> _Recorded data_:
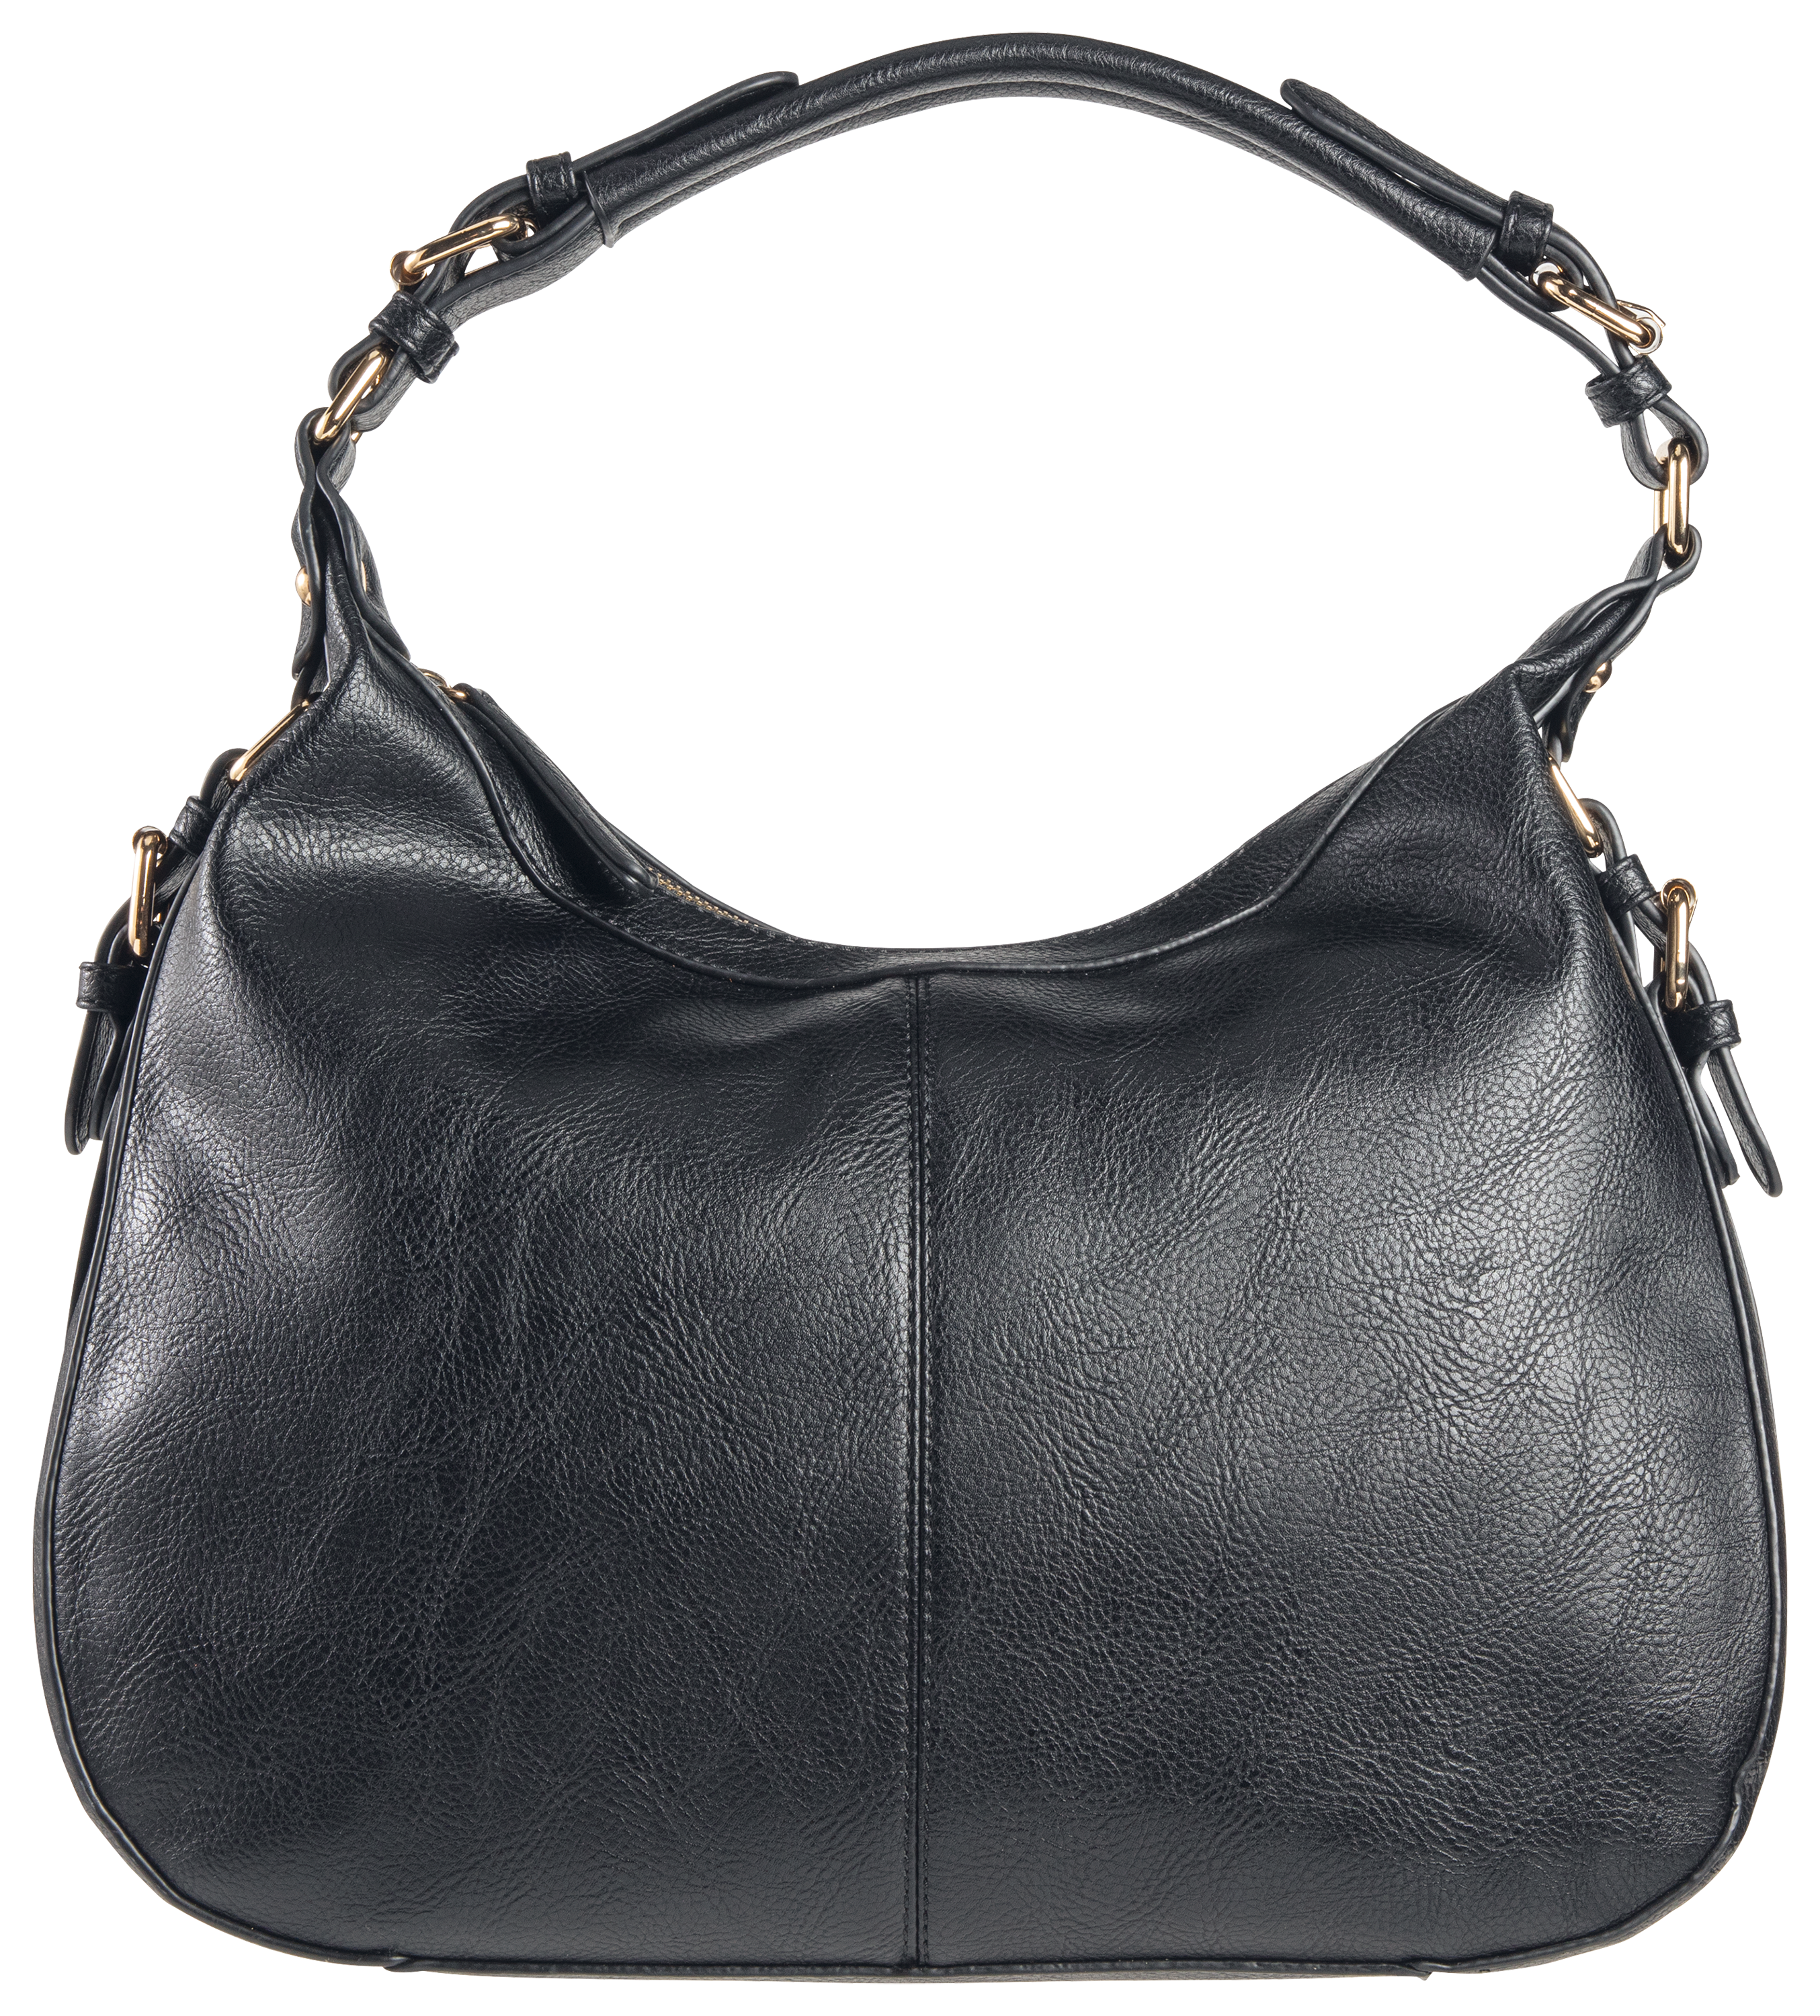 Emperia Chloe Concealed Carry Hobo Handbag | Bass Pro Shops
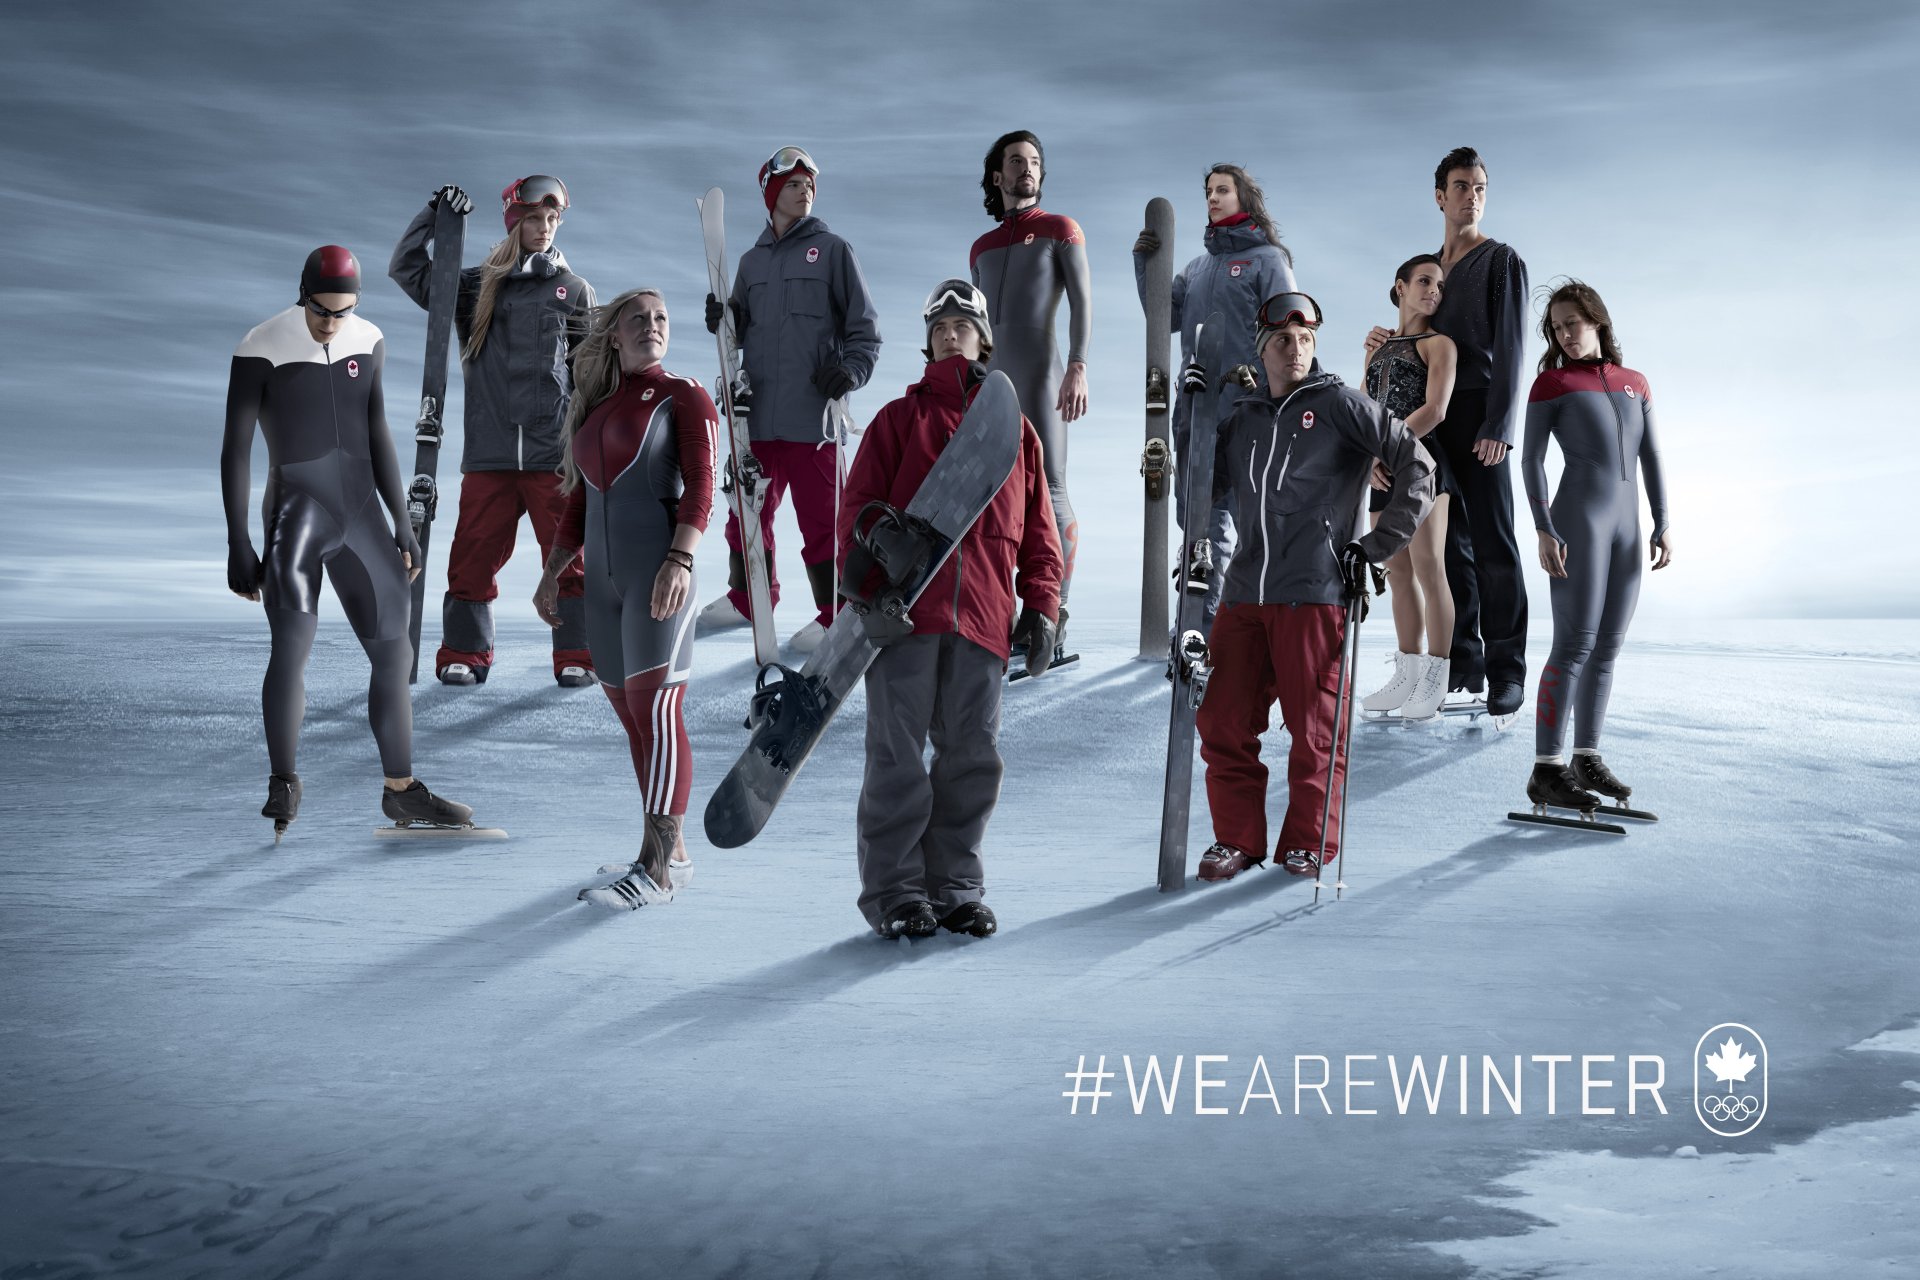 wearewinter мы зимой канада канадский олимпийской сборной сочи олимпийский канадский 2014
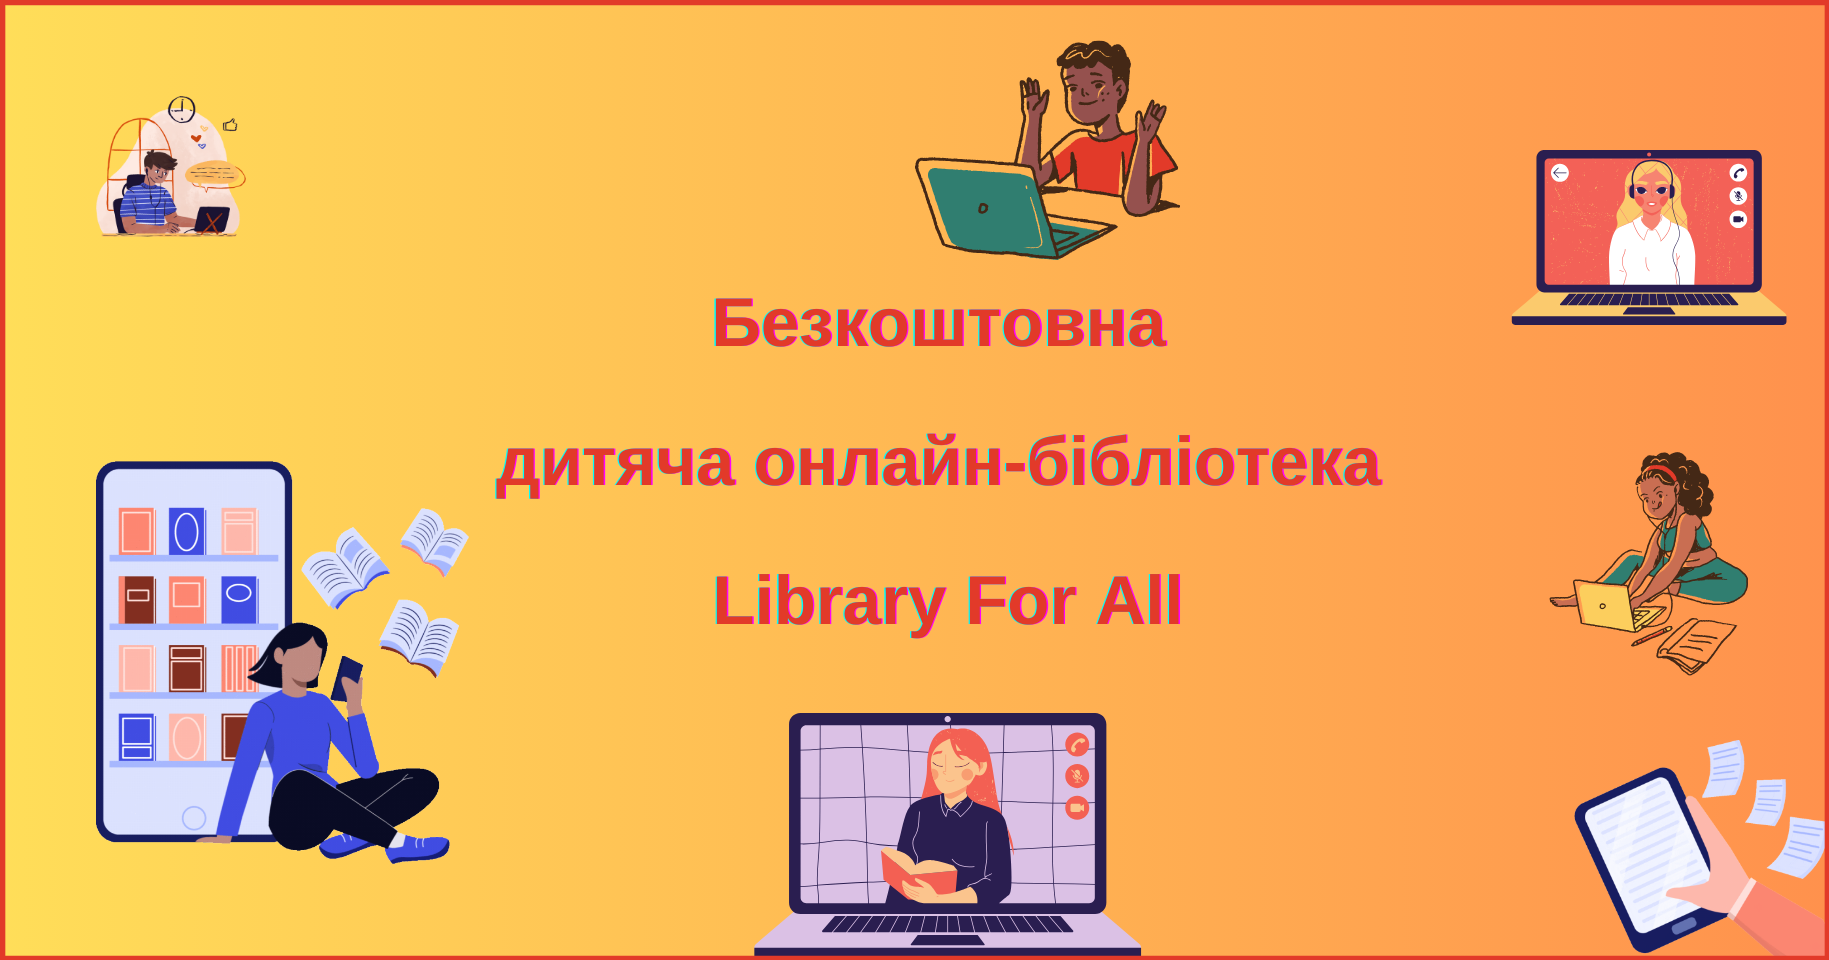 Безкоштовна дитяча онлайн-бібліотека Library For All
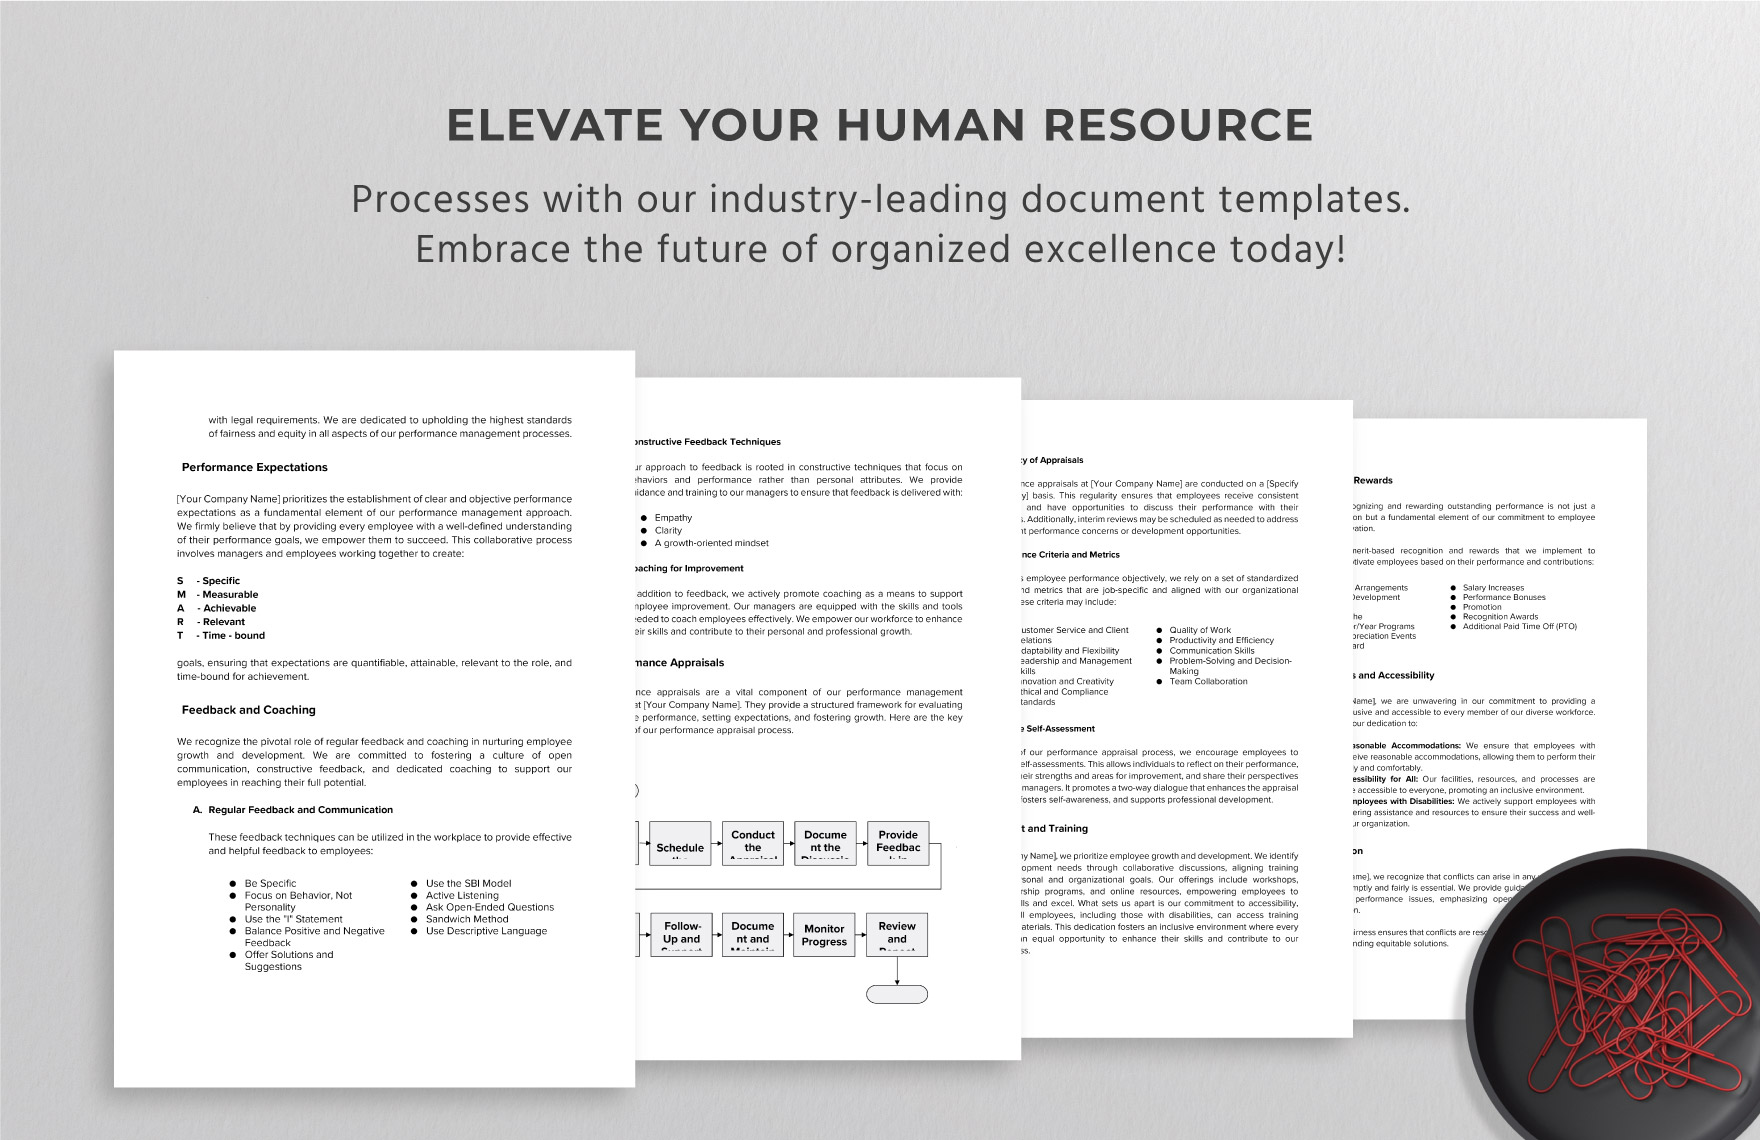 Inclusive Performance Management Handbook HR Template

> _Your instructions_: Return an exact transcription of the material, with its pictures left out.

> _Reply_:
 Emperia Chloe Concealed Carry Hobo Handbag | Bass Pro Shops
 wearewinter мы зимой канада канадский олимпийской сборной сочи олимпийский канадский 2014
 Безкоштовна дитяча онлайн-бібліотека Library For All
 Inclusive Performance Management Handbook HR Template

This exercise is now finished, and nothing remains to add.